Hugo Chávez, un militar involucrado en un intento fallido de golpe de estado, que fue
convencido luego por un veterano dirigente político (Luis Miquilena) de las bondades de aceptar
las reglas del juego democrático y participar en las elecciones, terminó siendo esa figura a la que
se refería Romero. Era previsible que su llegada al poder significara el fin de la democracia
pactada y del sistema populista de conciliación de élites, tanto porque ya había atentado contra él
en 1992 con un intento de golpe de estado, como porque su discurso durante la campaña electoral
fue abiertamente antipartido y antisistema.
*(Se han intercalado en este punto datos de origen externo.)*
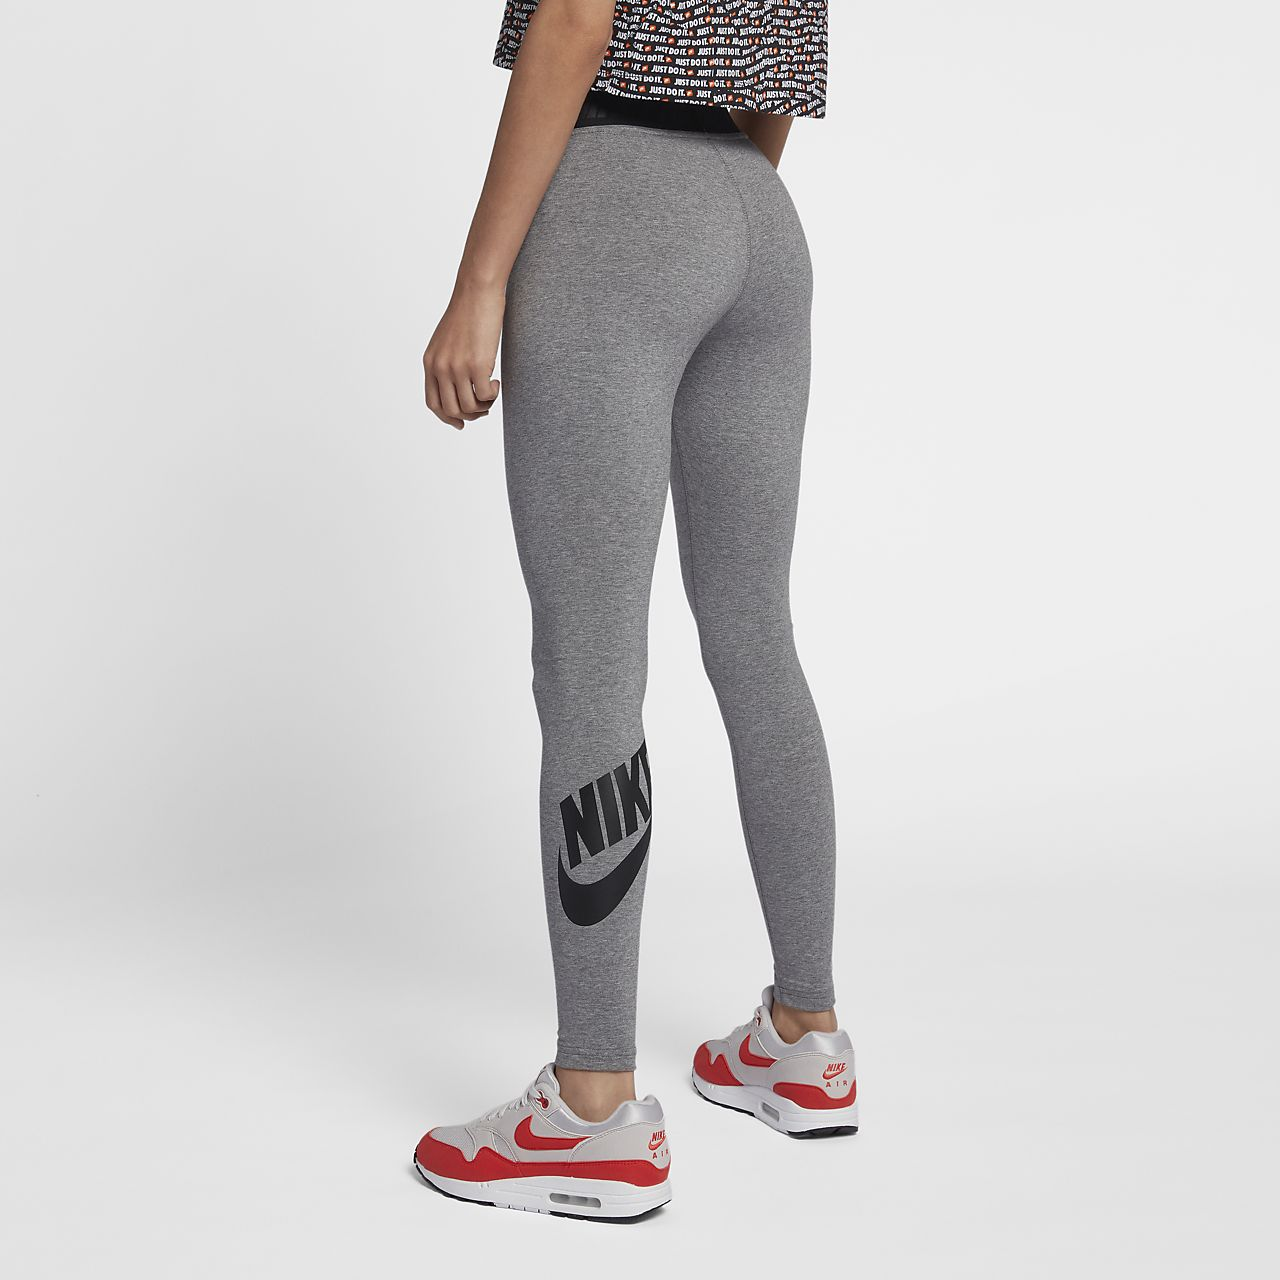 78fbd3cbdd Leggings a vita alta Nike Sportswear Leg-A-See - Donna. Nike.com CH

Quizás los dos momentos que permiten ver con mayor claridad la significación del ascenso de
Chávez al poder sean, por un lado, el discurso pronunciado por éste en el teatro Teresa Carreño,
el 6 de diciembre de 1998, una vez que ya el Consejo Supremo Electoral había anunciado un
resultado irreversible a su favor. En esa oportunidad, Chávez señaló: “Queridos amigos,
sencillamente hoy ocurrió lo que tenía que ocurrir. Como dijo Jesús: ‘Todo está consumado’. Se
ha consumado lo que tenía que consumarse” (Citado por Marcano y Barrera Tyszka, 2004, pág.
33). Y por otro lado, es inevitable el recuerdo de la imagen de la toma de posesión de Hugo
Chávez en el Palacio Federal Legislativo de Caracas, en la que, a diferencia de la tradicional
colocación de la banda presidencial y la toma del juramento por parte del Presidente saliente al
entrante, éstos fueron llevados a cabo por el recién electo Presidente de la Asamblea Nacional,
Luis Alfonso Dávila, todo ello en medio de la presencia del Presidente Caldera, quien no le
colocó la banda a Chávez, lo cual dio pie para múltiples interpretaciones.
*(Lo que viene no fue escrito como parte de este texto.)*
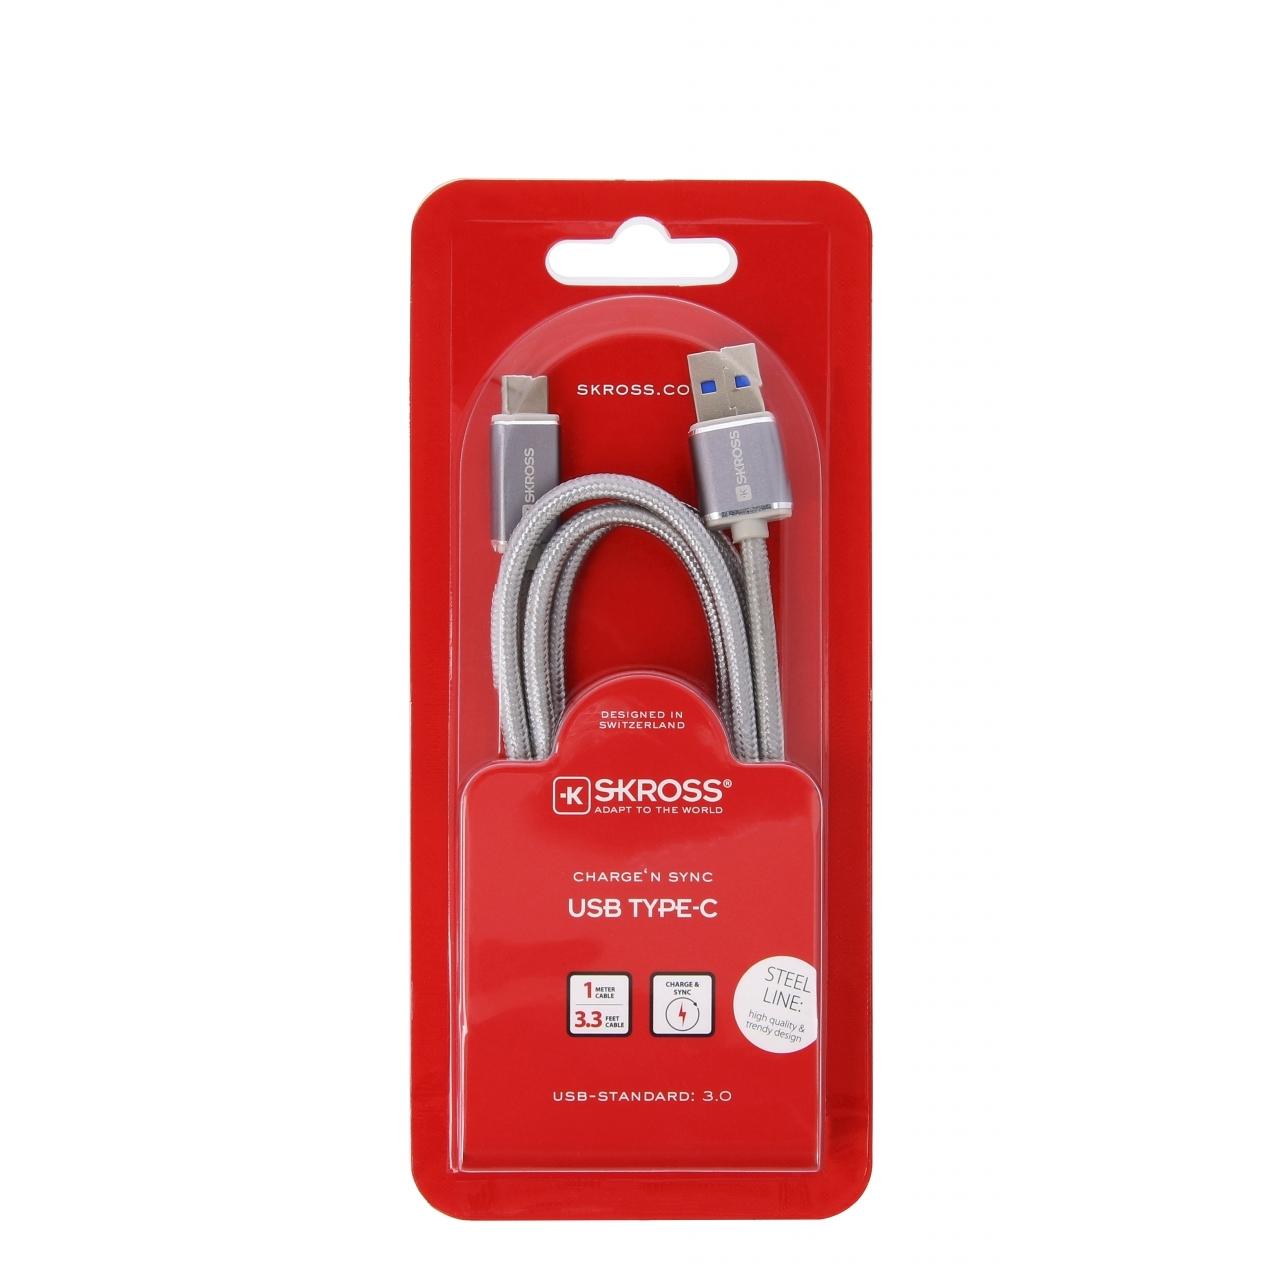 Kabel Skross Chargen Sync USB na USB Typ C

Aunque ambas imágenes no comunican de forma tan evidente una ruptura política –al menos no
como las recordadas por Juan Linz-, los acontecimientos posteriores ofrecen importantes
evidencias para interpretar que se iniciaba el desmontaje del conjunto de instituciones y reglas de
juego que caracterizaron a la democracia pactada, con el objeto de darle paso al nacimiento de la
nueva institucionalidad que caracterizaría a la “revolución chavista”. Desafortunadamente, esto
significó, a la larga, serias amenazas para la institucionalidad democrática en Venezuela, que ha
enfrentado diversas mutilaciones a lo largo de catorce años.